Web接客での“失敗あるある”はリアル店舗と同じ
MZ:旅行や保険というと、まさにリアル店舗で資料をもらっていたような業種ですね。そうした分野で、Web上で適切に接客したい意向が高まっていると。
北洞:そうですね。リアル店舗だと、やはり店員さんの臨機応変な問いかけや積極的なアプローチで興味喚起したり、お得な情報を提供したりもできますが、Webにただ情報を載せているだけだとユーザー自身が必要な情報を探さないといけないので、ユーザーにとっての機会損失も発生しやすいです。それに、自分で調べるのは疲れてしまう部分もあるので、離脱も多くなります。なので、そういったときの道案内になり得る機能は確実に必要になってくると思います。
MZ:その一方で、たとえばポップアップが出すぎるとうるさく感じるなど、逆効果になるケースもありますか?
北洞:はい、効果が出ない要因のひとつは「出しすぎ」ですね。たとえば、来訪した瞬間にクーポンを出すのはクーポンの認知としては正しくても、リアル店舗で考えると、欲しいものがあるのかもまだわからないのに入口の手前で割引券を配るような状態です。それよりも、店内に入ってしばらく見ている方、購買を迷っていそうな方に渡すほうが喜ばれますよね。
逆に、接客のタイミングを絞り込みすぎて、ほとんどWeb接客が働かないこともあります。すると効果が実感できず、自社に合わないといった誤解につながってしまうので、最初は前述のように「来訪して少し回遊した人」「滞在時間が長めの人」にある程度のボリュームで提示できるように設定し、その効果を踏まえて徐々に細かなセグメントに分けるほうが効果を最大化しやすいとアドバイスさせていただいています。
LTV向上を見据えたシナリオ設計に注目
MZ:ecコンシェルの場合、シナリオ設計もサポートを得られるのですか?
北洞:事例数が多いので効果が上がった他社さんのケースを紹介したり、個別に相談することも多いです。顧客体験の向上という点ではリアル店舗と同じなので、基本的に「リアル店舗ならこういうことをして差し上げたい」と思うことをシナリオ化してWebに実装すると、うまくいくことが多いですね。また最近では単発のコンバージョンではなく、LTV向上を目指したシナリオにも注目が高まっているので、その部分の知見も蓄積している最中です。

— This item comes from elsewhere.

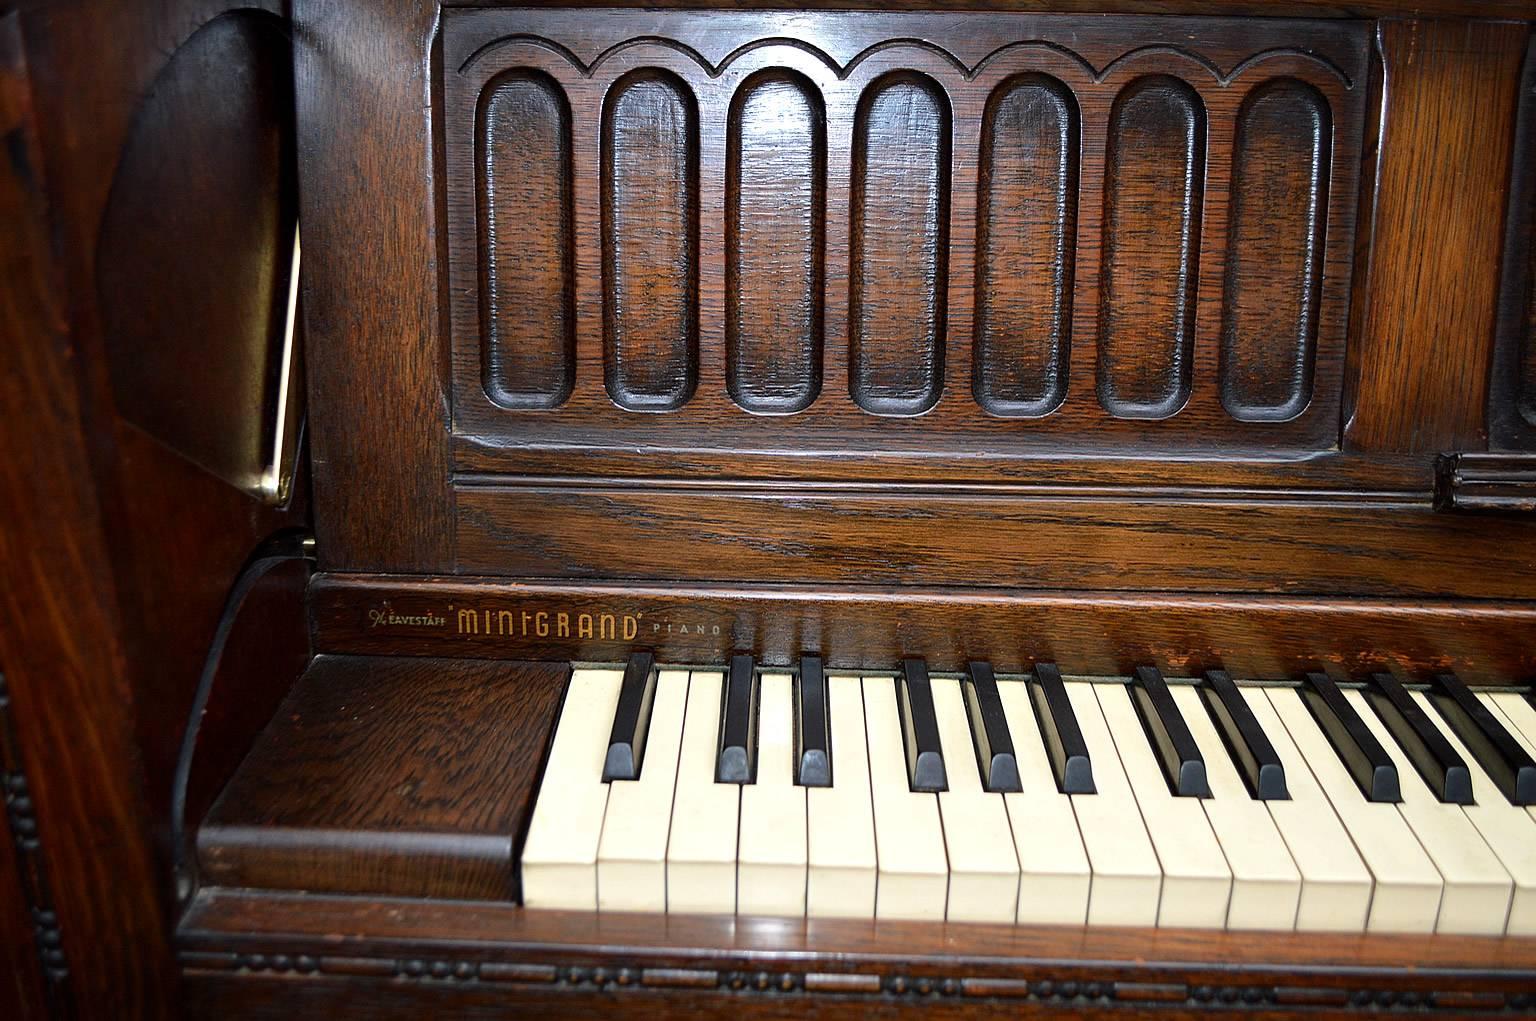 This is a beautifully made oak cased piano, made in the Gothic Revival style. The piano comes complete with matching oak stool. Eavestaff made reliable and quality sounding pianos and this piano is a perfect example of their high build quality. The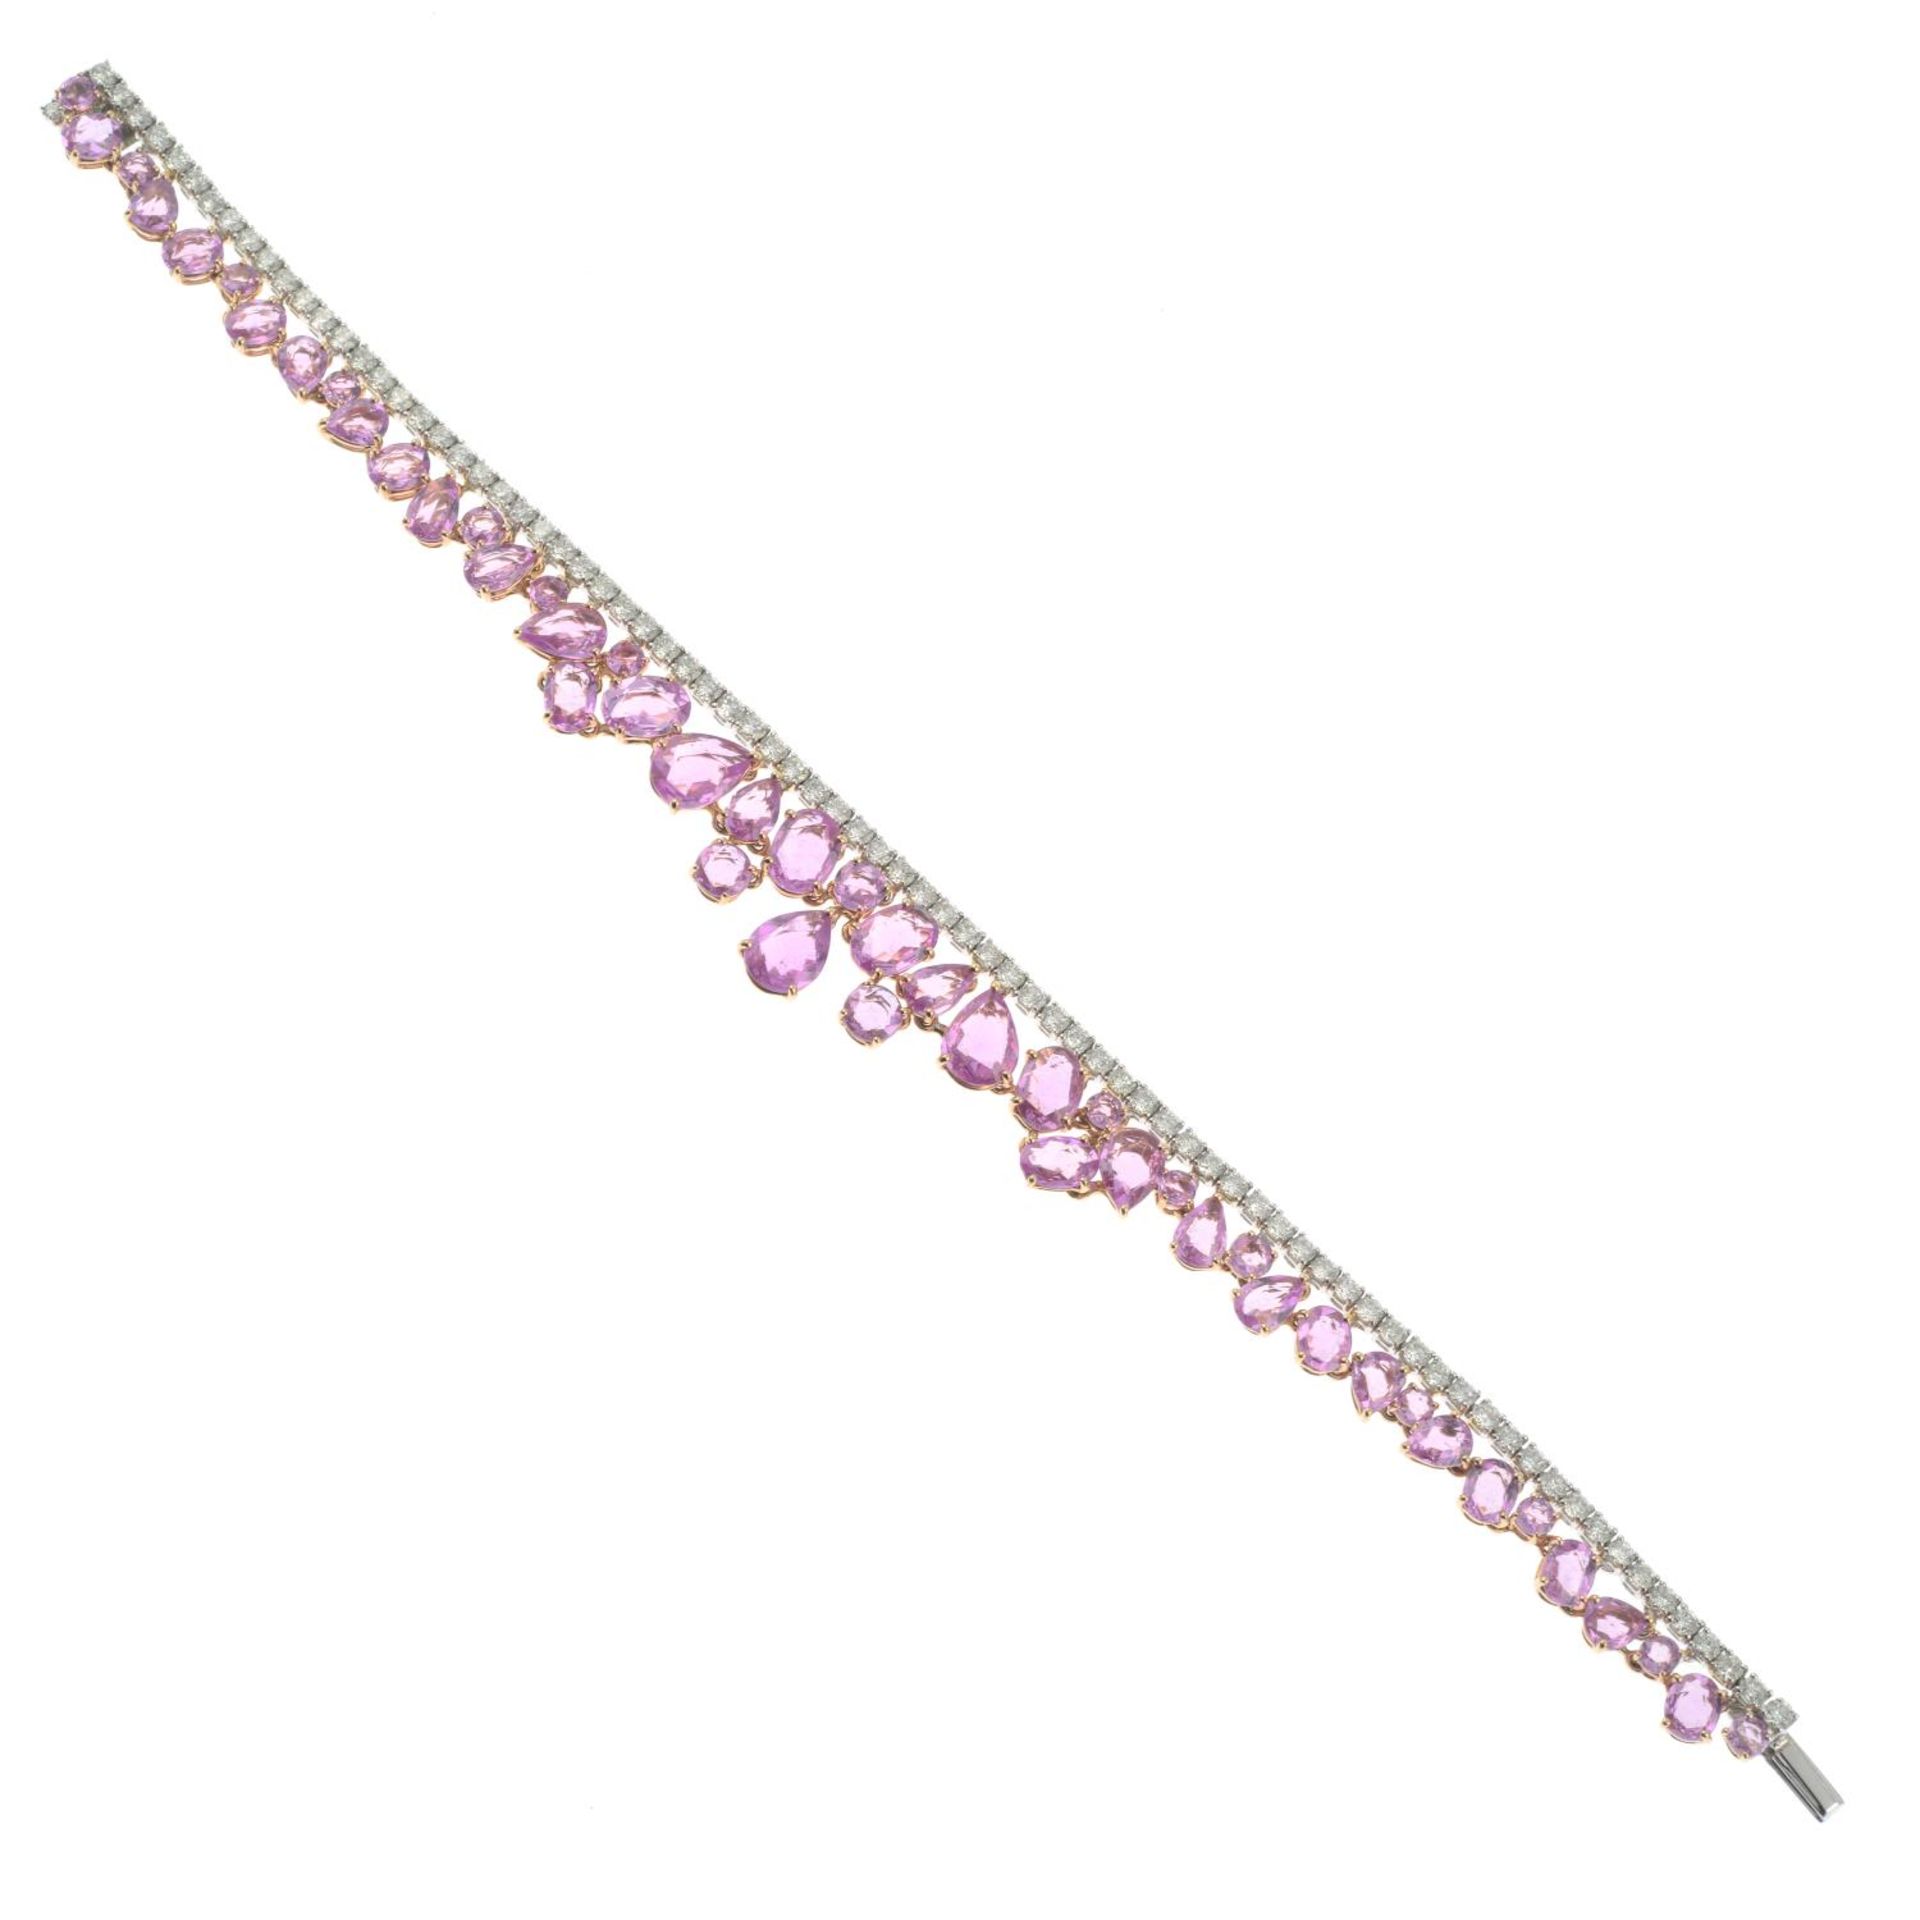 An 18ct gold pink sapphire and diamond 'Beneath the Rose' bracelet. - Image 2 of 3

MZ:最後に、Web接客ツールをビジネス成果に結びつけるために大切な点と、ecコンシェルの今後の展望をうかがえますか?
北洞:やはり、マーケティングツールは運用してPDCAを回すことで成果が高まっていくので、導入後をよく想定し、またトライアルでもいろいろな機能を試して検討することが大事です。ツールの機能に加えて、ツール提供社のノウハウやサポート体制はもちろん、担当者との相性も意外と継続性を左右すると思います。
ecコンシェルとしては、冒頭でも触れましたがNTTドコモとしてコミュニケーションを円滑にする考えが根底にあるので、Web接客だけでなく、リアル店舗との連携も視野に入れて総合的に顧客体験を向上するご支援をしていきたいですね。